References in the play to present and near-future events—the climate crisis of the 2020s, armed militia groups, Elon Musk as America’s first cyborg president—felt uncomfortably real. At times, the play’s presentation of apocalypse felt less like a hypothetical situation and more like a prophecy.

“Tavern” reached back into the past, too, locating the origins of the climate crisis in the genocide of the Native American people and the conquest of the Wild West. Bobby Skotch as “Gif” carried the past and the future both, portraying a soldier in the old West and a militia-man in the post-apocalypse with nuanced horror and humanity. So too did an excellent—and trippy—sequence of visuals that saw cowboys beset by pterodactyls around a time vortex, and gave the conquerers of the West the power to see what their work had wrought.

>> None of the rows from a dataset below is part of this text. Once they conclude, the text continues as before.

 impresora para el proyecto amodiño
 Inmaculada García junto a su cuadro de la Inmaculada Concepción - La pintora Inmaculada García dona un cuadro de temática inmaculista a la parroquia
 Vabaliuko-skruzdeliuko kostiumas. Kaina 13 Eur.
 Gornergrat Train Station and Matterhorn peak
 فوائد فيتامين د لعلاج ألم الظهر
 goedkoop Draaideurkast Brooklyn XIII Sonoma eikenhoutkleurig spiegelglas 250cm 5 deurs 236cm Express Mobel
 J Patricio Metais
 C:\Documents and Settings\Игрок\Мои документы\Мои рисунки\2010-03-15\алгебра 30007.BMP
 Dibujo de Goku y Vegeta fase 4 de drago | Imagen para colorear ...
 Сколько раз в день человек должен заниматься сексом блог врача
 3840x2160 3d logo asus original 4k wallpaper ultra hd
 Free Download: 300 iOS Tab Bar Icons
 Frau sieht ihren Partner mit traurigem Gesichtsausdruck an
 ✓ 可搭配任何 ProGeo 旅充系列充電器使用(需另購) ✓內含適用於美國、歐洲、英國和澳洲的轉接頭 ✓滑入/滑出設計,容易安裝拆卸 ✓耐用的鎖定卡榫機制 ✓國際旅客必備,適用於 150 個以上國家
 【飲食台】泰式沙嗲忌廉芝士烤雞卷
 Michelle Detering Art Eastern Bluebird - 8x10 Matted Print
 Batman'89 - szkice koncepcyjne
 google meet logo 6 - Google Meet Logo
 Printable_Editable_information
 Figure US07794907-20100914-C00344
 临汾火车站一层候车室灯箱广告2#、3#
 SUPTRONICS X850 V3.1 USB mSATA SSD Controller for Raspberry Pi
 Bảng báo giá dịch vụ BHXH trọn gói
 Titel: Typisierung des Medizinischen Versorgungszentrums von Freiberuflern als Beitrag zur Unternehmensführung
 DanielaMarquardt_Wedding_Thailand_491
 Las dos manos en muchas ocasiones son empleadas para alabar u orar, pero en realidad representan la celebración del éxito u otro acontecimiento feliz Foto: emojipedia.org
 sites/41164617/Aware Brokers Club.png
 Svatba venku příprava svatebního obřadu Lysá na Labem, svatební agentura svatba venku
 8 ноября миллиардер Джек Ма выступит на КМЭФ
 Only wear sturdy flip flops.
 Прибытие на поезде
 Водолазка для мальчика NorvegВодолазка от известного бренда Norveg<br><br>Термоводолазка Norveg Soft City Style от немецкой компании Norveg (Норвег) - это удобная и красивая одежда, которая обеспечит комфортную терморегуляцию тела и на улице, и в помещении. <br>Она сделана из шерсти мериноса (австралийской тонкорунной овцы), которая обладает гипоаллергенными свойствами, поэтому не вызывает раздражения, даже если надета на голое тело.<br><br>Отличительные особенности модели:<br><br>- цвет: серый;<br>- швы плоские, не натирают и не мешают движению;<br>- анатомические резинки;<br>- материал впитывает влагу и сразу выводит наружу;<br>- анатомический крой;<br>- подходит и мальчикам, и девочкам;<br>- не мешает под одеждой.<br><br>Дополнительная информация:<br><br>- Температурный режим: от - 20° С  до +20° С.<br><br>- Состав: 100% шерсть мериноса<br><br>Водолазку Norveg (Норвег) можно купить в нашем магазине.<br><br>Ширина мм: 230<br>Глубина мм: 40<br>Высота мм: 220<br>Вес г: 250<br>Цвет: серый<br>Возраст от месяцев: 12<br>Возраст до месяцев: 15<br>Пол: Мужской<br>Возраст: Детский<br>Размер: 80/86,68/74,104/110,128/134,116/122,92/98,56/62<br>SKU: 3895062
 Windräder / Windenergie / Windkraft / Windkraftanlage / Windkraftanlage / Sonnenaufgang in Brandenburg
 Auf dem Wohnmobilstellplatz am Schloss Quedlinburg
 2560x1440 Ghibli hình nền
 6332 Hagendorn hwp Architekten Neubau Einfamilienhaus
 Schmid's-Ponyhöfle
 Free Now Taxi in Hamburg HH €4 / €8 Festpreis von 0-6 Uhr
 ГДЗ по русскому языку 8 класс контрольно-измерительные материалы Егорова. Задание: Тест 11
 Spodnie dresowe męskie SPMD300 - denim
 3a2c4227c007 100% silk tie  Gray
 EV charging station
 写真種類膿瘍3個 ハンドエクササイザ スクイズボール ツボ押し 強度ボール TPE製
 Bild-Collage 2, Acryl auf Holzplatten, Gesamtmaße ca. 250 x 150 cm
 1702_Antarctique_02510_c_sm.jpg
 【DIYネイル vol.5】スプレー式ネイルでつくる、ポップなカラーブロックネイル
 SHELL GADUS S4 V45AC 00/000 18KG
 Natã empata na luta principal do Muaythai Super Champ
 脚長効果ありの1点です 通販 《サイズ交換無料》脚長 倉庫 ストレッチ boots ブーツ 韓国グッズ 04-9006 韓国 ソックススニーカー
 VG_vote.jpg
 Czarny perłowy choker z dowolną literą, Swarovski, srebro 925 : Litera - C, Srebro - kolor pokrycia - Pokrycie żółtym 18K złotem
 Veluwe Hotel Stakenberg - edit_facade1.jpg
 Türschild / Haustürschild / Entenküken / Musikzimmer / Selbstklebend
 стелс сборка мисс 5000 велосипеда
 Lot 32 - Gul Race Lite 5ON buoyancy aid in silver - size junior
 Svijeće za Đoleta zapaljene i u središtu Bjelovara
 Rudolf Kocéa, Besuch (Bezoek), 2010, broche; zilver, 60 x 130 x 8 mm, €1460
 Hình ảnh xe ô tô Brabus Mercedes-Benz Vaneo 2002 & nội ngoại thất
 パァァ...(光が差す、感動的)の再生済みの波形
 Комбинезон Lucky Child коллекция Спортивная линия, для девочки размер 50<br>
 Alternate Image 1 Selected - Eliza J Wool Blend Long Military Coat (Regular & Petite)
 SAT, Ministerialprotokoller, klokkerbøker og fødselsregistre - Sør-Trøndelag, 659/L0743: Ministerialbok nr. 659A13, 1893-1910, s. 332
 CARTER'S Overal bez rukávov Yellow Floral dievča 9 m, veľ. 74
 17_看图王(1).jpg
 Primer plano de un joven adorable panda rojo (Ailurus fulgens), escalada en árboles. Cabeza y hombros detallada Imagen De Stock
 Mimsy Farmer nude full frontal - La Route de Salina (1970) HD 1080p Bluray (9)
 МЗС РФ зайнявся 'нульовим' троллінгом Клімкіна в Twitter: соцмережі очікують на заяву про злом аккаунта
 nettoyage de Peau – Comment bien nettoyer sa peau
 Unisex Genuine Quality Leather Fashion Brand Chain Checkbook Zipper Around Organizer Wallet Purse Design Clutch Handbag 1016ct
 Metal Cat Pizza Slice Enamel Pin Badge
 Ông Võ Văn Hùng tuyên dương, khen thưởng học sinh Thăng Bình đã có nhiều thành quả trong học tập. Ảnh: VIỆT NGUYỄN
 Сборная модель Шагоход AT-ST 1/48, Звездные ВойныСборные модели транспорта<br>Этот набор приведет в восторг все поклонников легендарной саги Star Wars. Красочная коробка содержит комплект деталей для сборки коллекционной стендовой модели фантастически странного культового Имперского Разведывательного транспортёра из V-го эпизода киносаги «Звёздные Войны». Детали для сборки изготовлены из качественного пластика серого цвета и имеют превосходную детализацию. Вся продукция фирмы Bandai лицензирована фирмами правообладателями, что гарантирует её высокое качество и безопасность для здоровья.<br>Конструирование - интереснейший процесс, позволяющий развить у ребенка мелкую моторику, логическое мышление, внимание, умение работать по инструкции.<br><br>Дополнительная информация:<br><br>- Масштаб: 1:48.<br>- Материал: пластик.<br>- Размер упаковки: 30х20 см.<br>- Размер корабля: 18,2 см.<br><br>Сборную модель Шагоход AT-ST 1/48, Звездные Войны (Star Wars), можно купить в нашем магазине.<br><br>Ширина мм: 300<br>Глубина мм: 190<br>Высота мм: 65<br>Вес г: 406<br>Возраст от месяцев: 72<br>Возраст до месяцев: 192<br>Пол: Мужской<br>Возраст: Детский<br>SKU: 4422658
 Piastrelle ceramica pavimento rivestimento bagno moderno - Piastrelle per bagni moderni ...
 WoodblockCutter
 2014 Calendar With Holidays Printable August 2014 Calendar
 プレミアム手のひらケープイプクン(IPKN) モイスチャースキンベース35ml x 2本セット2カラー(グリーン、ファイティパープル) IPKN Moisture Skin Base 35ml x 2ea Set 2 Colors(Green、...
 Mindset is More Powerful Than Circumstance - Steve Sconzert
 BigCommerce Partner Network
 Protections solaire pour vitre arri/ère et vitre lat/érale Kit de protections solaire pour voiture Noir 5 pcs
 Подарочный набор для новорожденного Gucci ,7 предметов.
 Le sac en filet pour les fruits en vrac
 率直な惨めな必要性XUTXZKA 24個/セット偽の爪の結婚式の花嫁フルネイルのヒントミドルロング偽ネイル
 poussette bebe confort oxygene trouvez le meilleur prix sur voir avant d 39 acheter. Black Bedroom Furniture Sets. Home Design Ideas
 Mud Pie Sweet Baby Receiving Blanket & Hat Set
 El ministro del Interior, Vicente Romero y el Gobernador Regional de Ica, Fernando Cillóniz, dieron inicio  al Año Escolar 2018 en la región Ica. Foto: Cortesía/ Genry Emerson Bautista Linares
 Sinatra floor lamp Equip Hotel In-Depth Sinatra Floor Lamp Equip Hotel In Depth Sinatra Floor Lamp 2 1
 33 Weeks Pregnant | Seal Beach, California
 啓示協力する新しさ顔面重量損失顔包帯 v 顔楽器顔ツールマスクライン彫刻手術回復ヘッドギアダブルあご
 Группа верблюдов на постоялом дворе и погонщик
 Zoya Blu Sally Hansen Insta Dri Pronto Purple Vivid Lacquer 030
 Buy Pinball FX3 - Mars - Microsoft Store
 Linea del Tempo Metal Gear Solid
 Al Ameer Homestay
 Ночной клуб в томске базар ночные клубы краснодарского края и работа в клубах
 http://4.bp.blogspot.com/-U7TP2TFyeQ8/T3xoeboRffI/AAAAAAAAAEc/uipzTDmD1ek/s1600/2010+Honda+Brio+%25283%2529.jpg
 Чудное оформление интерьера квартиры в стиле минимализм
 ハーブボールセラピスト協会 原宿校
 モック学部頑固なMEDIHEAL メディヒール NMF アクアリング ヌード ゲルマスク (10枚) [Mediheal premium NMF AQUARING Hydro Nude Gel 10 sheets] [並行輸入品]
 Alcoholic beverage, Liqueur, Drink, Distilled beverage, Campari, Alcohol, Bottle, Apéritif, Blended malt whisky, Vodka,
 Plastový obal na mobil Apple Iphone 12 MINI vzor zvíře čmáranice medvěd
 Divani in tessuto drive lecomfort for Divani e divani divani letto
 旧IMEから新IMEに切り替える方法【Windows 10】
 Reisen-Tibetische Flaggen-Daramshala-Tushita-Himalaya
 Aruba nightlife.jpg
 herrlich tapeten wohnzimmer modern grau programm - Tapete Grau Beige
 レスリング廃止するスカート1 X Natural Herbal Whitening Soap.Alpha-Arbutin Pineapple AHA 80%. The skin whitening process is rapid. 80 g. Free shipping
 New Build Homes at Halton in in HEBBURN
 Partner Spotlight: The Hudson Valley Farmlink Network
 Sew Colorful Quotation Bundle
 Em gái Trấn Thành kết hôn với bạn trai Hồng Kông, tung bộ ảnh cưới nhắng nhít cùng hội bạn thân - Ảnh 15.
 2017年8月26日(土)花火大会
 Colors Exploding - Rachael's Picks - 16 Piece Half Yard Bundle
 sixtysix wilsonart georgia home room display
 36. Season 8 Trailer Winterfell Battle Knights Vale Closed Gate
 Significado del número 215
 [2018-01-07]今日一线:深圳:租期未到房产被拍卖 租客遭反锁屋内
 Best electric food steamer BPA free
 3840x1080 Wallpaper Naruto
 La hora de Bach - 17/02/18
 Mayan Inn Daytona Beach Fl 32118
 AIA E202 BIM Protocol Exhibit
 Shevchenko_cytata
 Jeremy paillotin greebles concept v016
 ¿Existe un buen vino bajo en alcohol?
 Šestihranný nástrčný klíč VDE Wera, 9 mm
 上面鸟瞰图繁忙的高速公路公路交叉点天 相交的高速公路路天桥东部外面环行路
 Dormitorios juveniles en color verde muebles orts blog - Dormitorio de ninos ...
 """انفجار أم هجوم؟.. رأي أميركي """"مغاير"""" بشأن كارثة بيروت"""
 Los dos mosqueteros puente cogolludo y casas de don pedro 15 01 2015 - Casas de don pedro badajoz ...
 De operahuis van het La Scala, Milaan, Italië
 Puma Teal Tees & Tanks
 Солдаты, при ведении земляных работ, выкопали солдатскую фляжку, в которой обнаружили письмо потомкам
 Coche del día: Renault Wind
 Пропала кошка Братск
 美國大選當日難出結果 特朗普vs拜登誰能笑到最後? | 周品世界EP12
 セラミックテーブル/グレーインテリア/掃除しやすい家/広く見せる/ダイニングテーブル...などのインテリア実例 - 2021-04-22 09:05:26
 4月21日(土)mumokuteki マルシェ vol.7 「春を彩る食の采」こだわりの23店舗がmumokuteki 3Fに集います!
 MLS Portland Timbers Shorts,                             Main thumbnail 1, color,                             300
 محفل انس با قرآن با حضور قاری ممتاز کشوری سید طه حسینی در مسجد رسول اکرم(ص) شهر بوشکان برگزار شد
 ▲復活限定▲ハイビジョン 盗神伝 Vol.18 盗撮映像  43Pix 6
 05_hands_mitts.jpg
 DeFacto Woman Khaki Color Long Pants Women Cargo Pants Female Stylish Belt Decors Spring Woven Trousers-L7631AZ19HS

The play had a message of hope to accompany the grimness of a world in collapse, hope invested in “the spider sisters of Arachne,” a web of women keeping the tools and the practices of civilization alive. It’s a hope that gets threatened by aggression, most of it male, from the militia, from within the tavern and from the past, but it’s a hope that ultimately prevails, with the planting of new seeds and the survival of civilization amidst apocalypse.